Bazı politika komiteleri bölgesel temsilciler içermektedir. Böyle durumlarda bu temsilciler kendi özel bölgelerine ilişkin ekonomik duruma fazlaca ağırlık verebilirler. FED’de oy hakkına sahip bölgesel temsilcilikler de bulunmaktadır. FED’in 12 bölgesel merkez bankasının Başkanları FOMC toplantılarına katılmaktadırlar; fakat bunlardan sadece beşi herhangi bir toplantıda oy kullanabilmektedir. Parasal birliklerde, üye ülkeler para politikası komitesine ulusal temsilcilerini göndermektedirler. Dolayısıyla bu durumda ulusal çıkarlara vurgu yapılma eğiliminin çok daha fazla olabileceği düşünülebilir. Cari olarak geçerli olan şartlarda “bölgesel oy”a dönük dengesizliğin euro bölgesine yeni ülkeler katıldıkça artması beklenmektedir.

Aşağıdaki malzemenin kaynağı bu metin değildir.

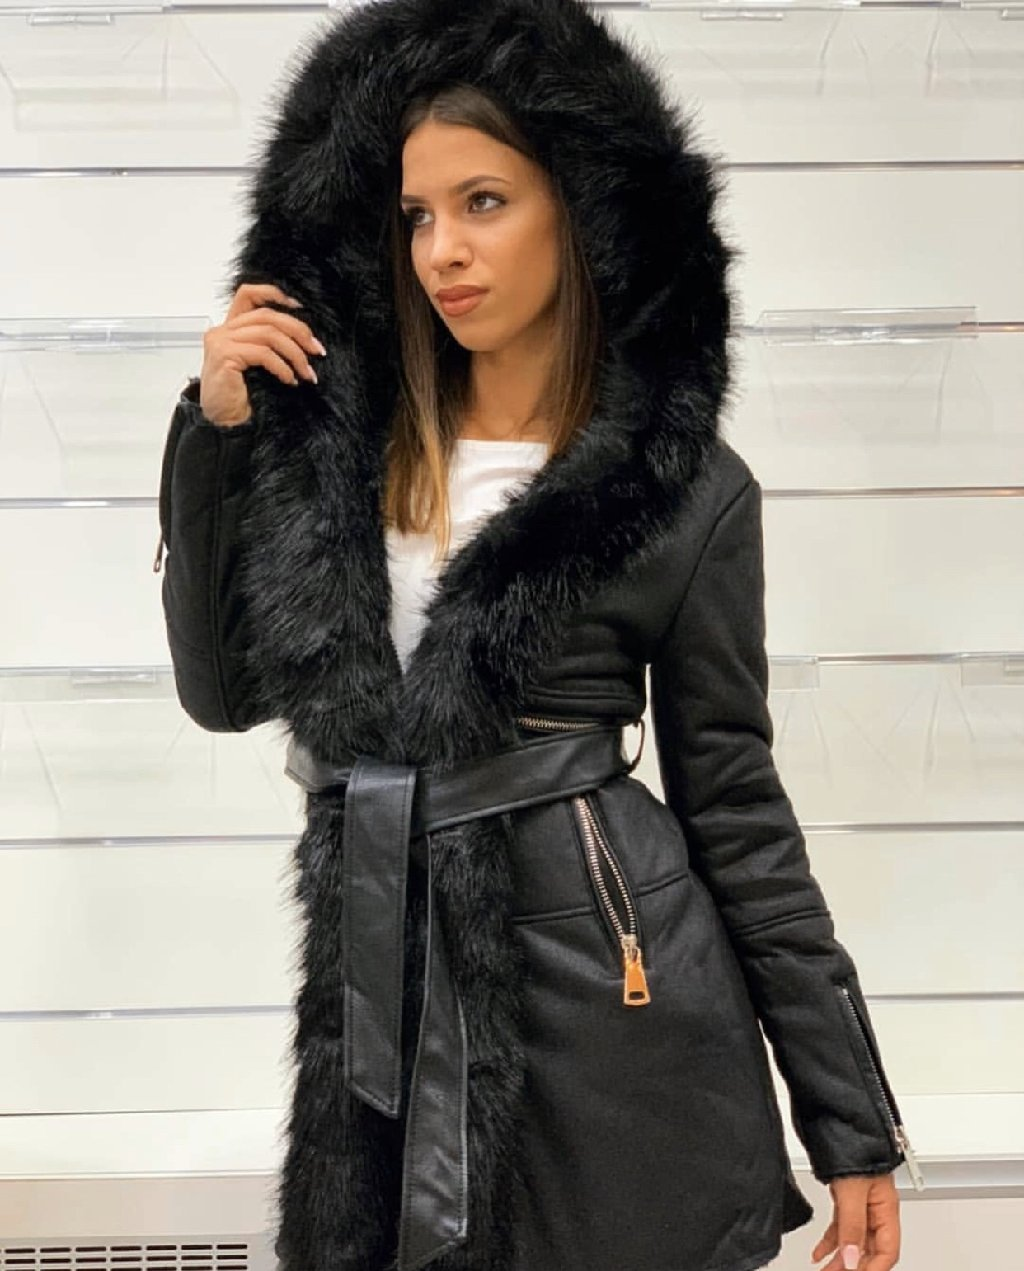 Ženski kaputi - Vrbas: Kaput/ monoton sa krznom, placen 150€, proban samo, isti kao sa slike :) vel XL- do 80 kg odgovara vel

Bölgesel eğilimleri inceleme açısından, hem politika karar alıcılarının oylarının açıklandığı ve hem de bölgesel temsilcileri olması hasebiyle, FED örnek teşkil eden merkez bankalarından birisidir. Meade ve Sheets (2005) 1978-2000 döneminde farklı FED bölgelerinde işsizlik oranlarının FOMC’de kullanılan oylar üzerinde önemli ve baskın bir rolü olduğunu ve bölge FED temsilcisinin bölgedeki işsizlik oranı ulusal işsizlik oranının üzerinde iken faiz oranlarının düşürülmesi yönünde oy kullandığı ve tersinin de geçerli olduğunu bulmuşlardır. (FOMC toplantı kayıtlarının çözümünün tamamı beş yıl gecikmeyle yayımlanmaktadır)

57

Bazı para politikası komiteleri, komite içindeki düşünce ayrılığını kamuoyundan gizlemektedir. Örneğin Avrupa Merkez Bankası Yönetim Konseyi oybirliğiyle karar almaktadır. İngiltere’de Para Politikası Komitesi oylamaları açıklamanın yanında, karara muhalif olanların tercih ettikleri faiz oranlarını da yayımlamaktadır. İngiltere örneğinde politik karar alıcılar bireysel anlamda kararlarından sorumlu tutulmaktadırlar.